Several users of Instagram, Meta’s other platform have returned to service after a global downtime, as announced by the photo-sharing website on Thursday. It also mentioned that a several-hour-long technical error has been fixed.
“Earlier tonight, a technical issue caused people to have trouble accessing Instagram. We resolved this issue for everyone as quickly as possible,” Instagram said in a tweet.
At the height of the disruption, Downdetector, a firm that analyzes downtime, recorded more than 53,000 cases of users not being able to access Instagram.

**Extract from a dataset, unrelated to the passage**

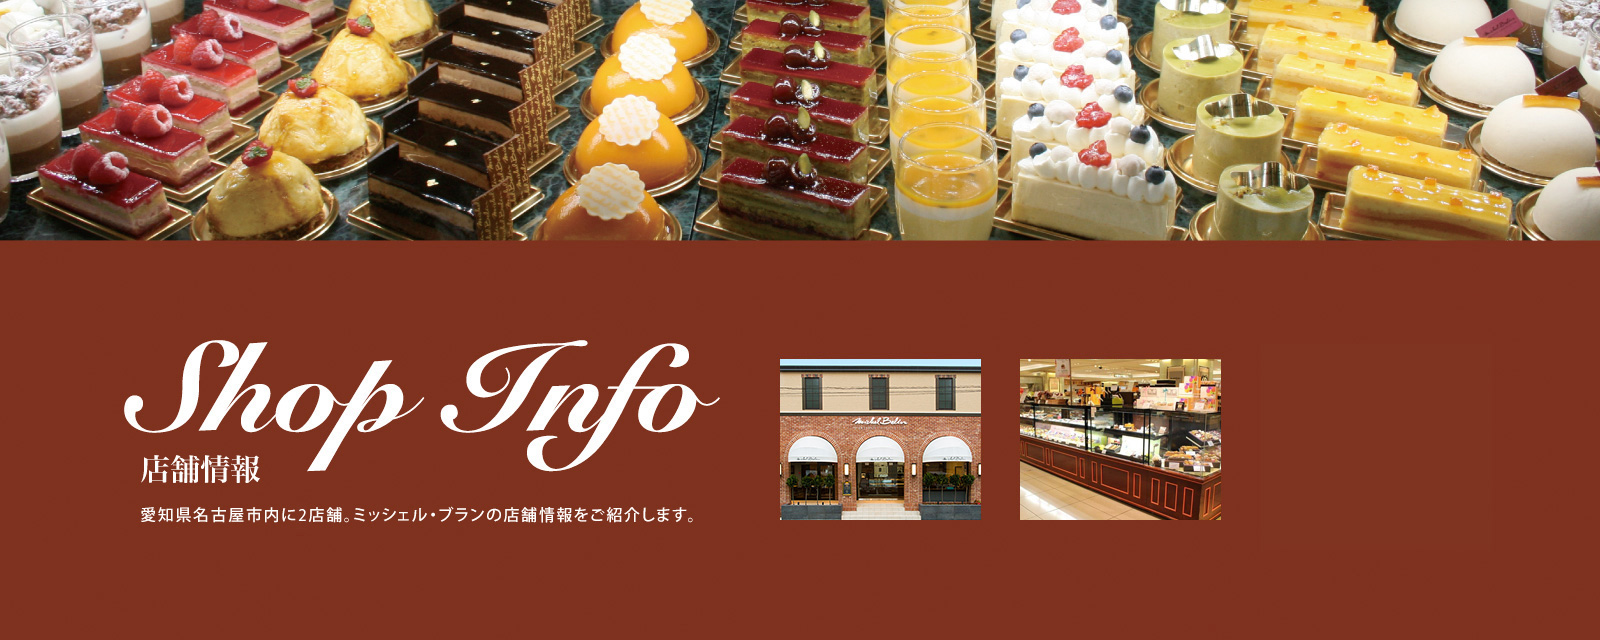 【店舗情報】名古屋市内に3店舗。ミッシェル・ブランの店舗情報をご紹介します。

The site collects status updates from several sources, including user-submitted platform issues.
Downdetector said that the number of complaints of disruptions in the United States had decreased to below 1,000 while Instagram was going back online.
Less than 100 troubles were reported in the UK, India, Japan, and Australia, according to the outage-tracking website.
Last month, Meta released its own AI to promote research into what it called an “important, fast-changing topic,” its generative AI model named “LLaMA” in response to OpenAI’s viral success using ChatGPT.
Based on the most recent Meta blog post on Friday, the social media corporation stated that additional studies can help in addressing concerns like “bias, toxicity, and the possibility for propagating misinformation” that generative AI technologies can provide.
Meta said on Friday that “there is still more research that needs to be done to address the risks of bias, toxic comments, and hallucinations in large language models.”
According to the firm’s CEO Mark Zuckerberg, the AI model, which is called “Large Language Model Meta AI,” is targeted at researchers.
“LLMs have shown a lot of promise in generating text, having conversations, summarizing written material, and more complicated tasks like solving math theorems or predicting protein structures,” he wrote in the post, using the abbreviation “LLMs” to refer to large language models.
“Meta is committed to this open model of research and we’ll make our new model available to the AI research community,” he wrote.
Users can access real-time data regarding the state of numerous websites and services via the internet site known as Downdetector.
The site’s analysis is based on user outage complaints that are gathered from a variety of places, notably Twitter and the comments section of each site’s page on Downdetector.
The areas of the outage complaints are also displayed on a map, and above the map is a list of towns with the matching amount of complaints. There are 45 nations where Downdetector is accessible, and there is a unique website for each one.